= What is required =
Could you repeat the entries below exactly, but only from the line with "KS express logo" through the line with "man on plane on the ground drunk", and without any picture?

= Given data =

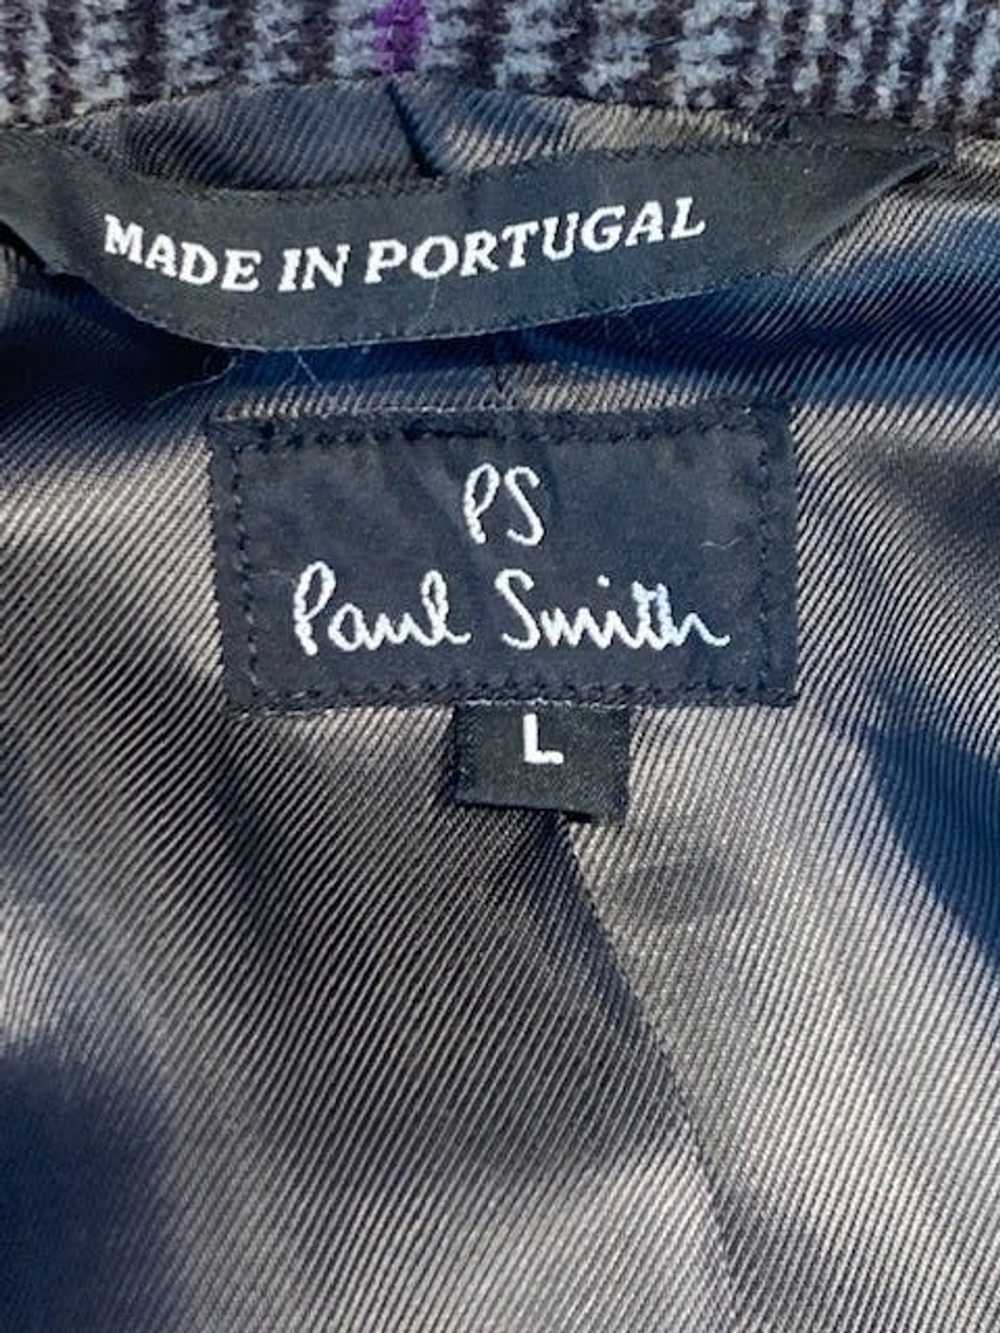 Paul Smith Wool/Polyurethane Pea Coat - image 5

==

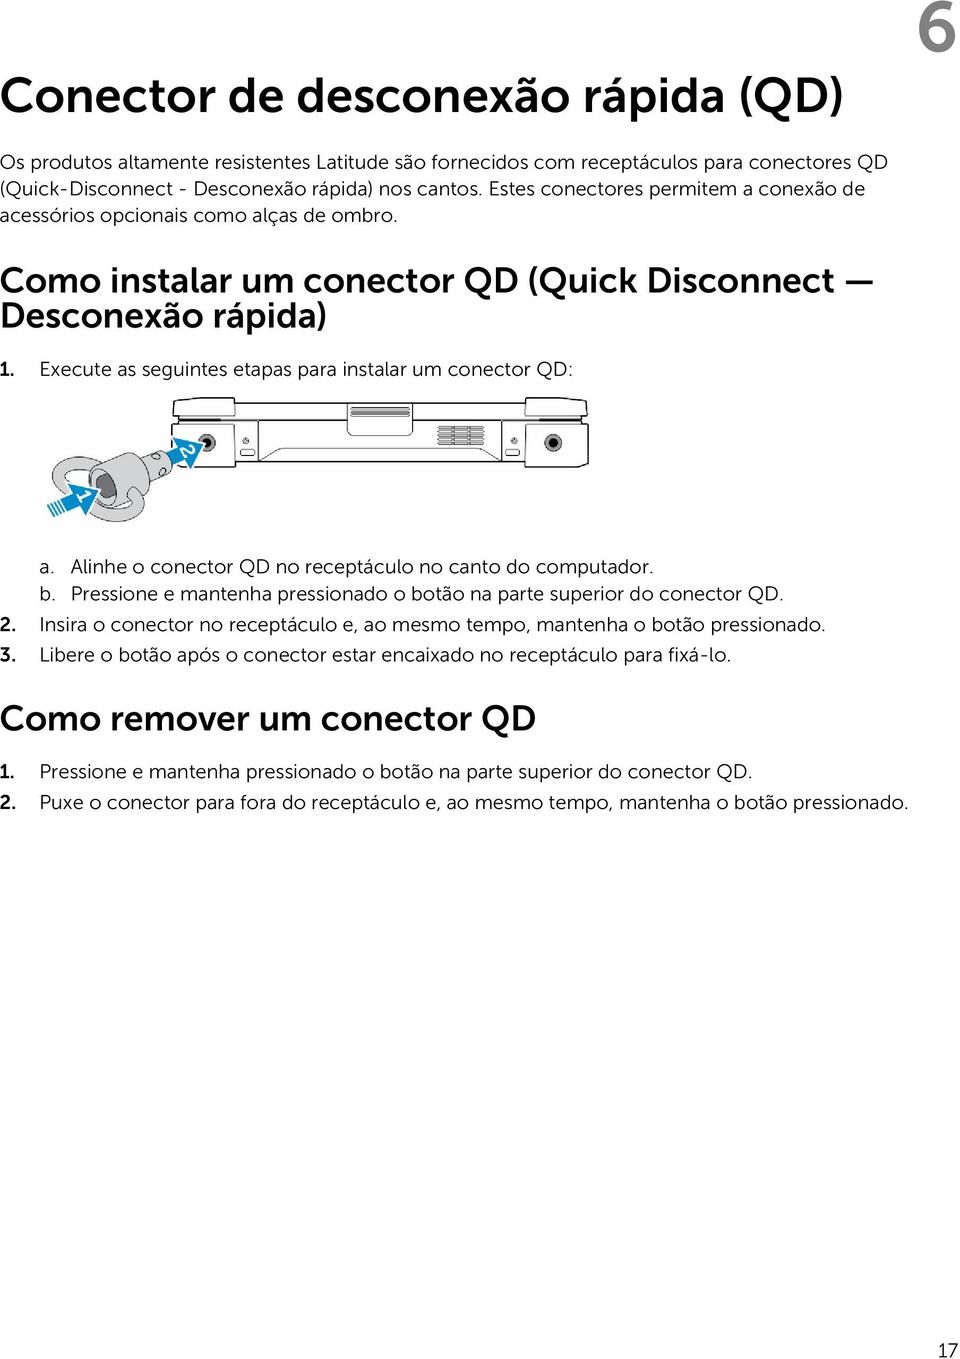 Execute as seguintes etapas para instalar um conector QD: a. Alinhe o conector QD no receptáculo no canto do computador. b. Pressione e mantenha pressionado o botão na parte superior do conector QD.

* * *

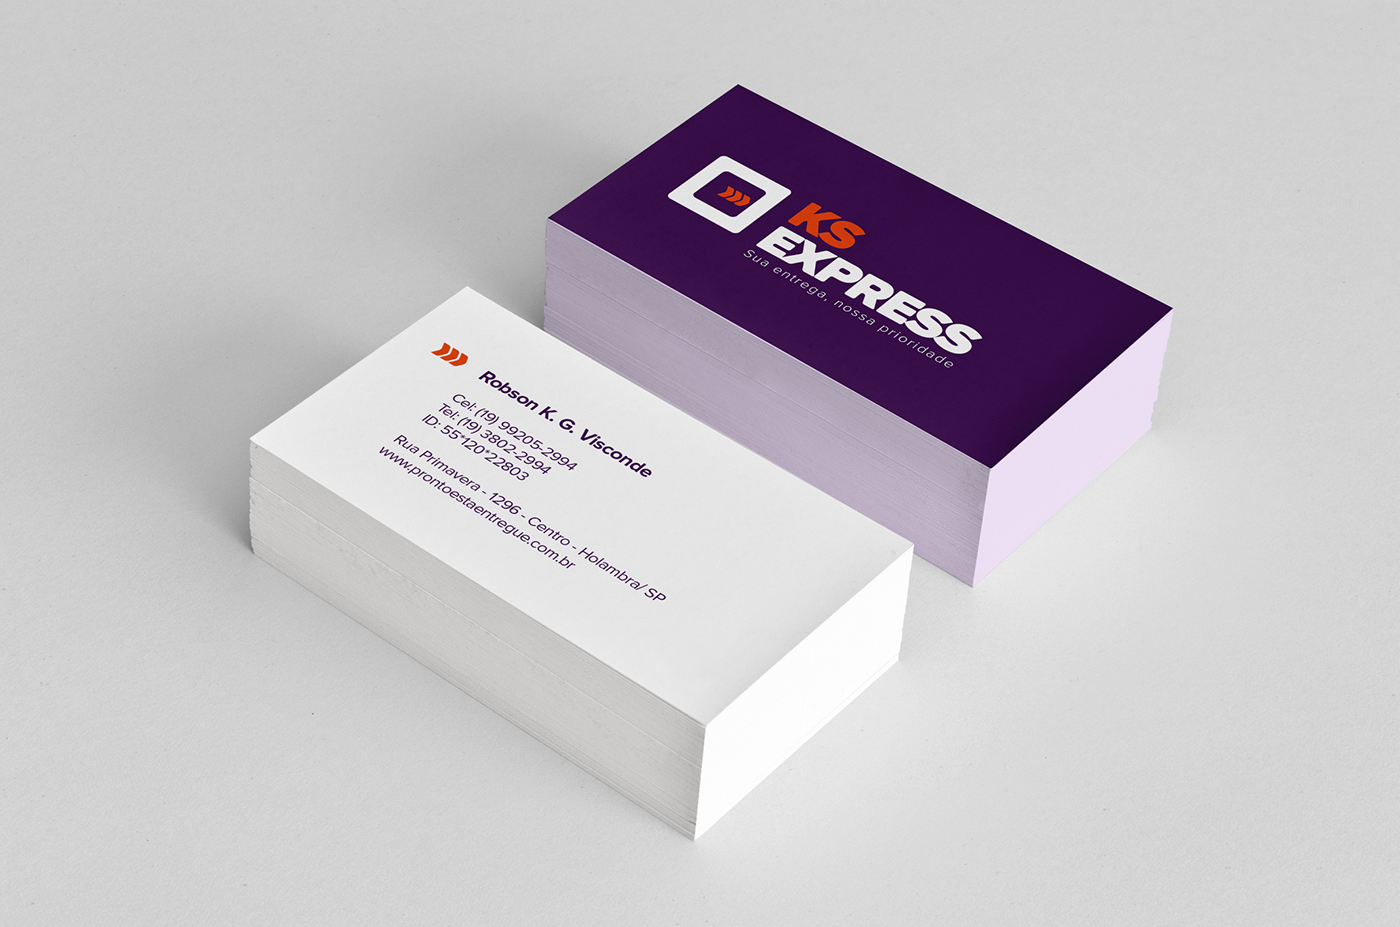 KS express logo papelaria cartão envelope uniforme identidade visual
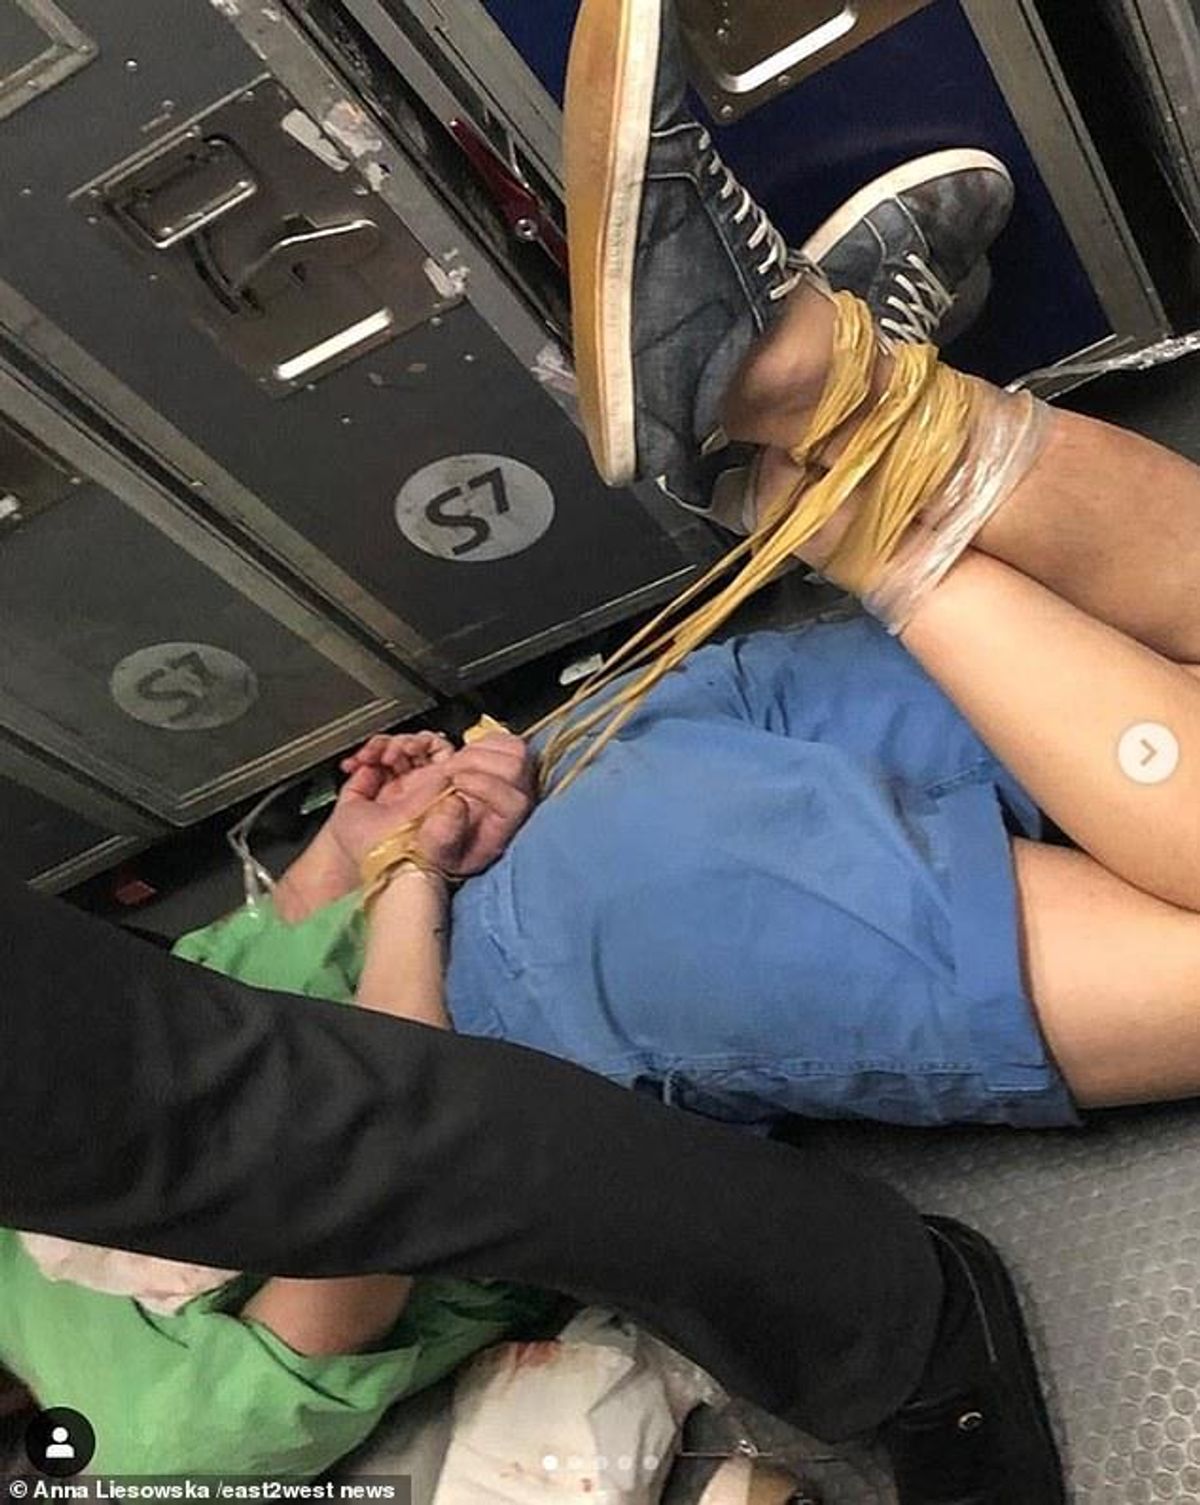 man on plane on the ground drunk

= Your solution =
 KS express logo papelaria cartão envelope uniforme identidade visual
 man on plane on the ground drunk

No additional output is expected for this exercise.